§ **Provided records**
- - - -
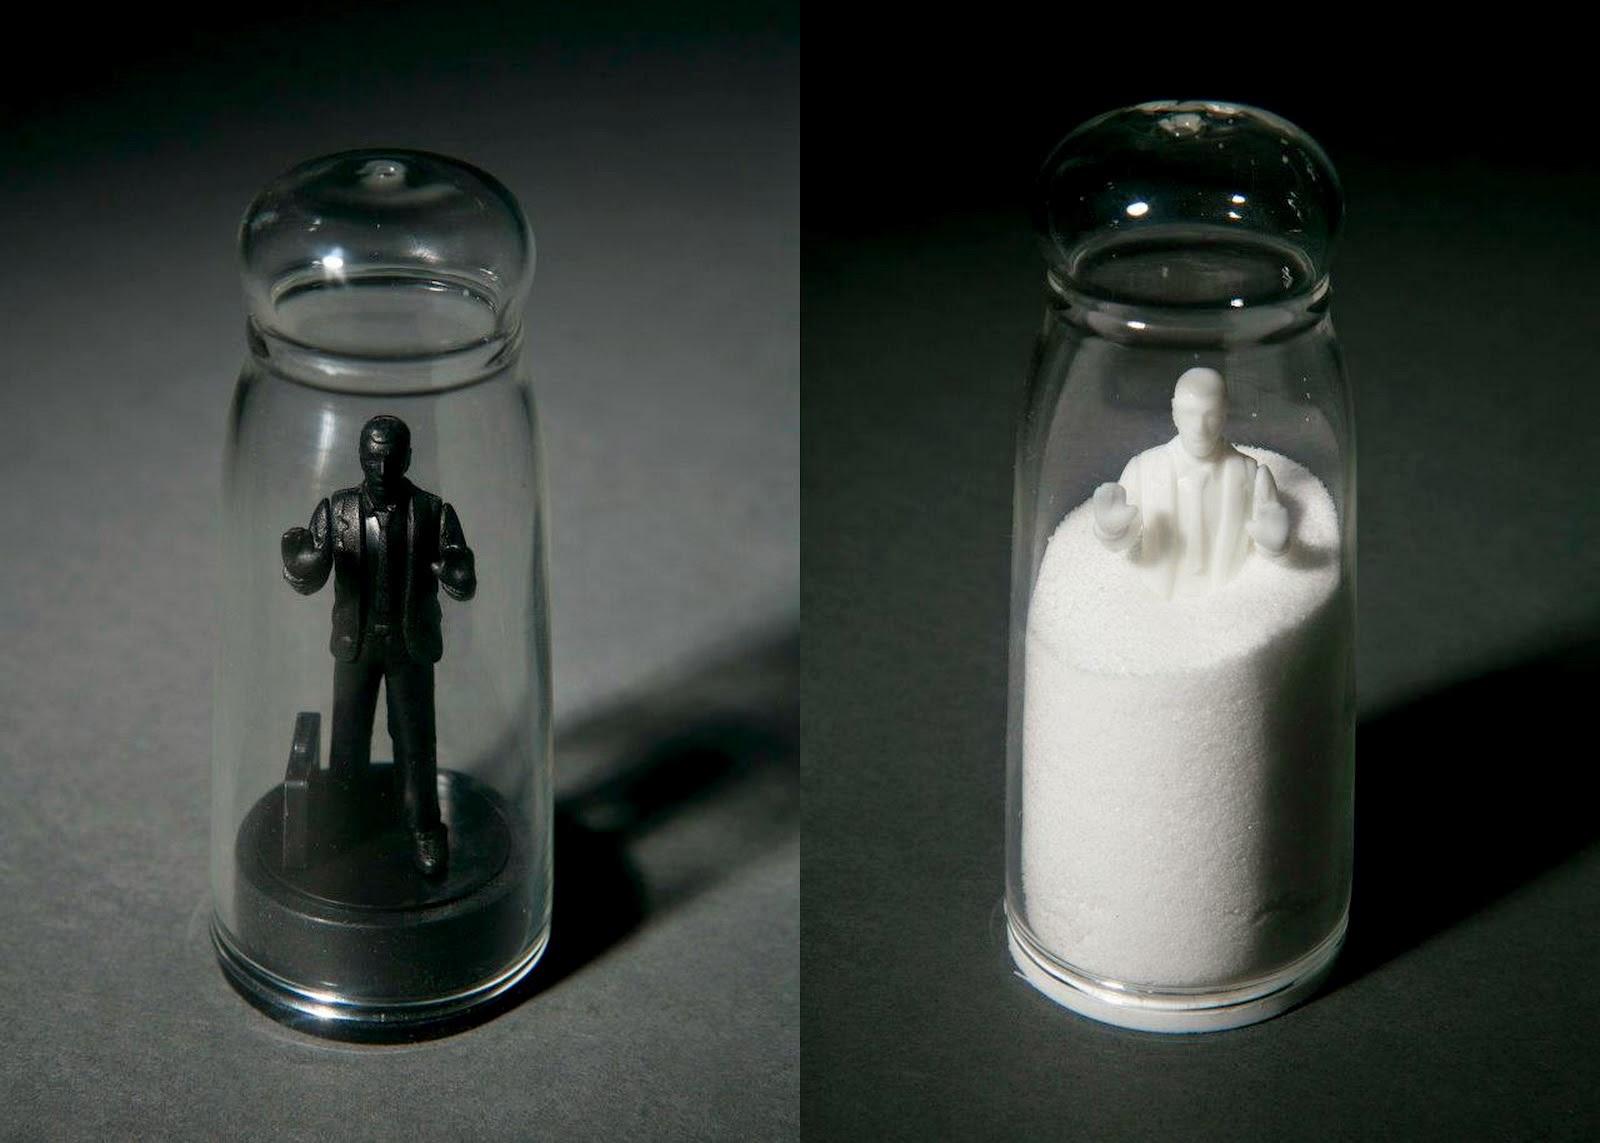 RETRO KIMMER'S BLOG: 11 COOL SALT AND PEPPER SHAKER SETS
- - - -
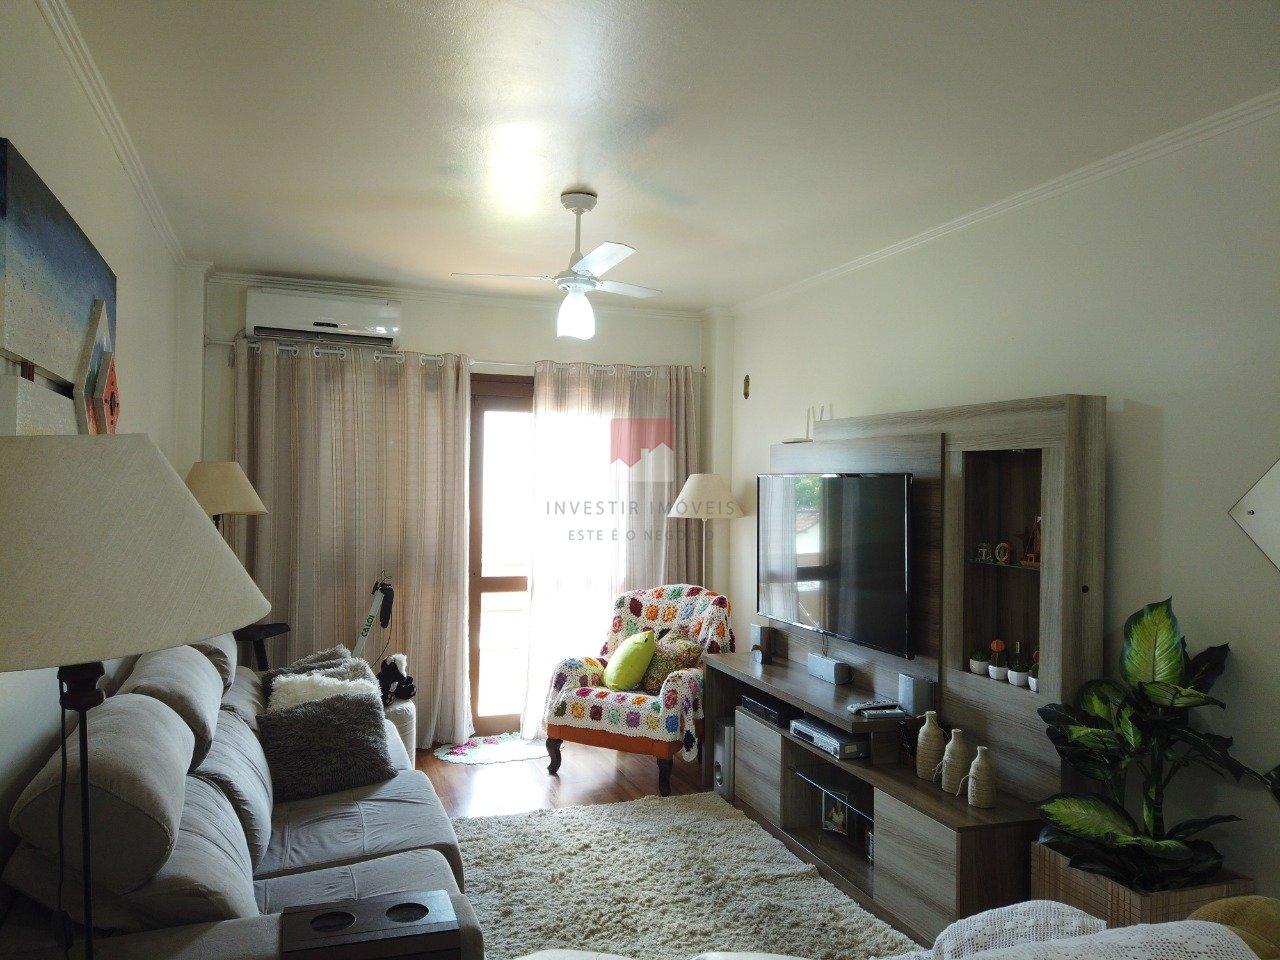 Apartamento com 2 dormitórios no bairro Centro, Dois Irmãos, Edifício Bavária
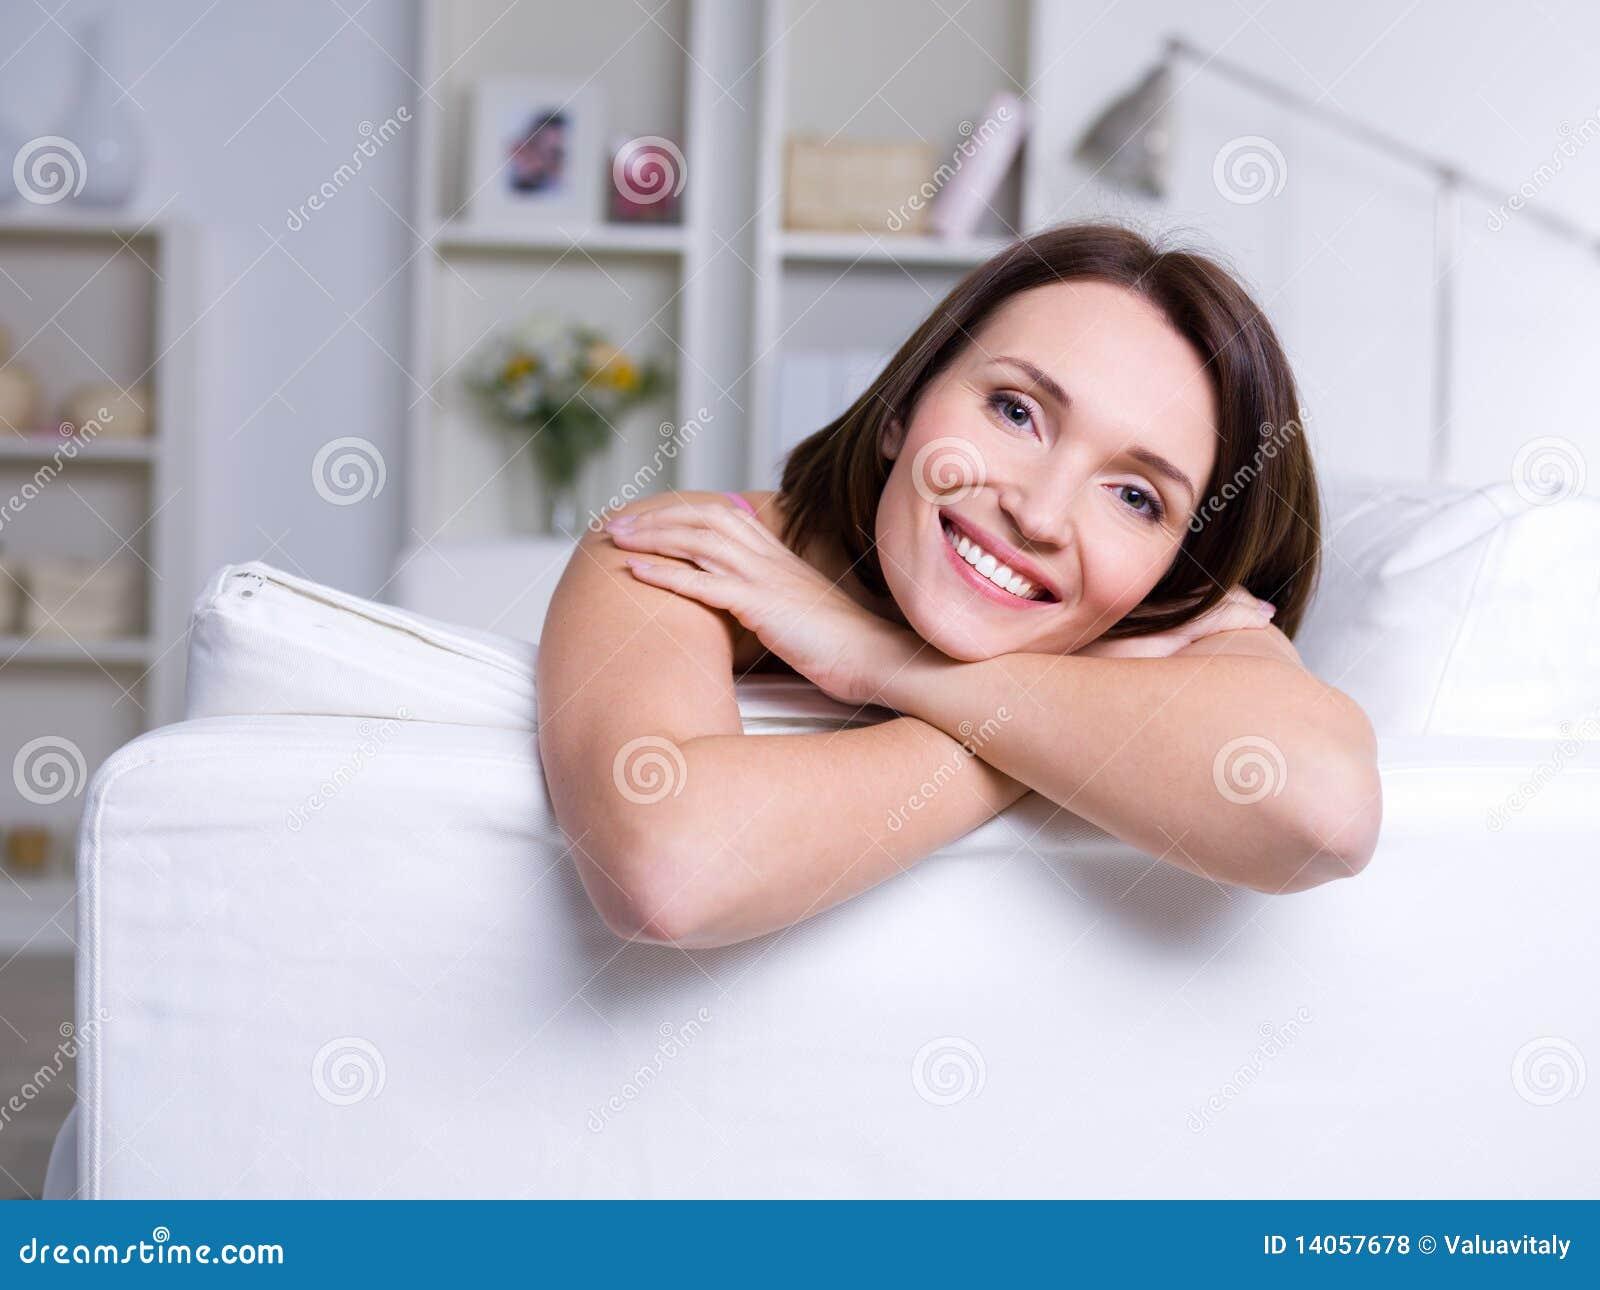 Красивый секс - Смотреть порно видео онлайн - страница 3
- - - -
§ **Work instruction**
Although the records hold pictures, the copy must not; give again exactly the lines from the one with "Apartamento com 2" through the one with "Красивый секс - Смотреть".

§ **Response to this exercise**
 Apartamento com 2 dormitórios no bairro Centro, Dois Irmãos, Edifício Bavária
 Красивый секс - Смотреть порно видео онлайн - страница 3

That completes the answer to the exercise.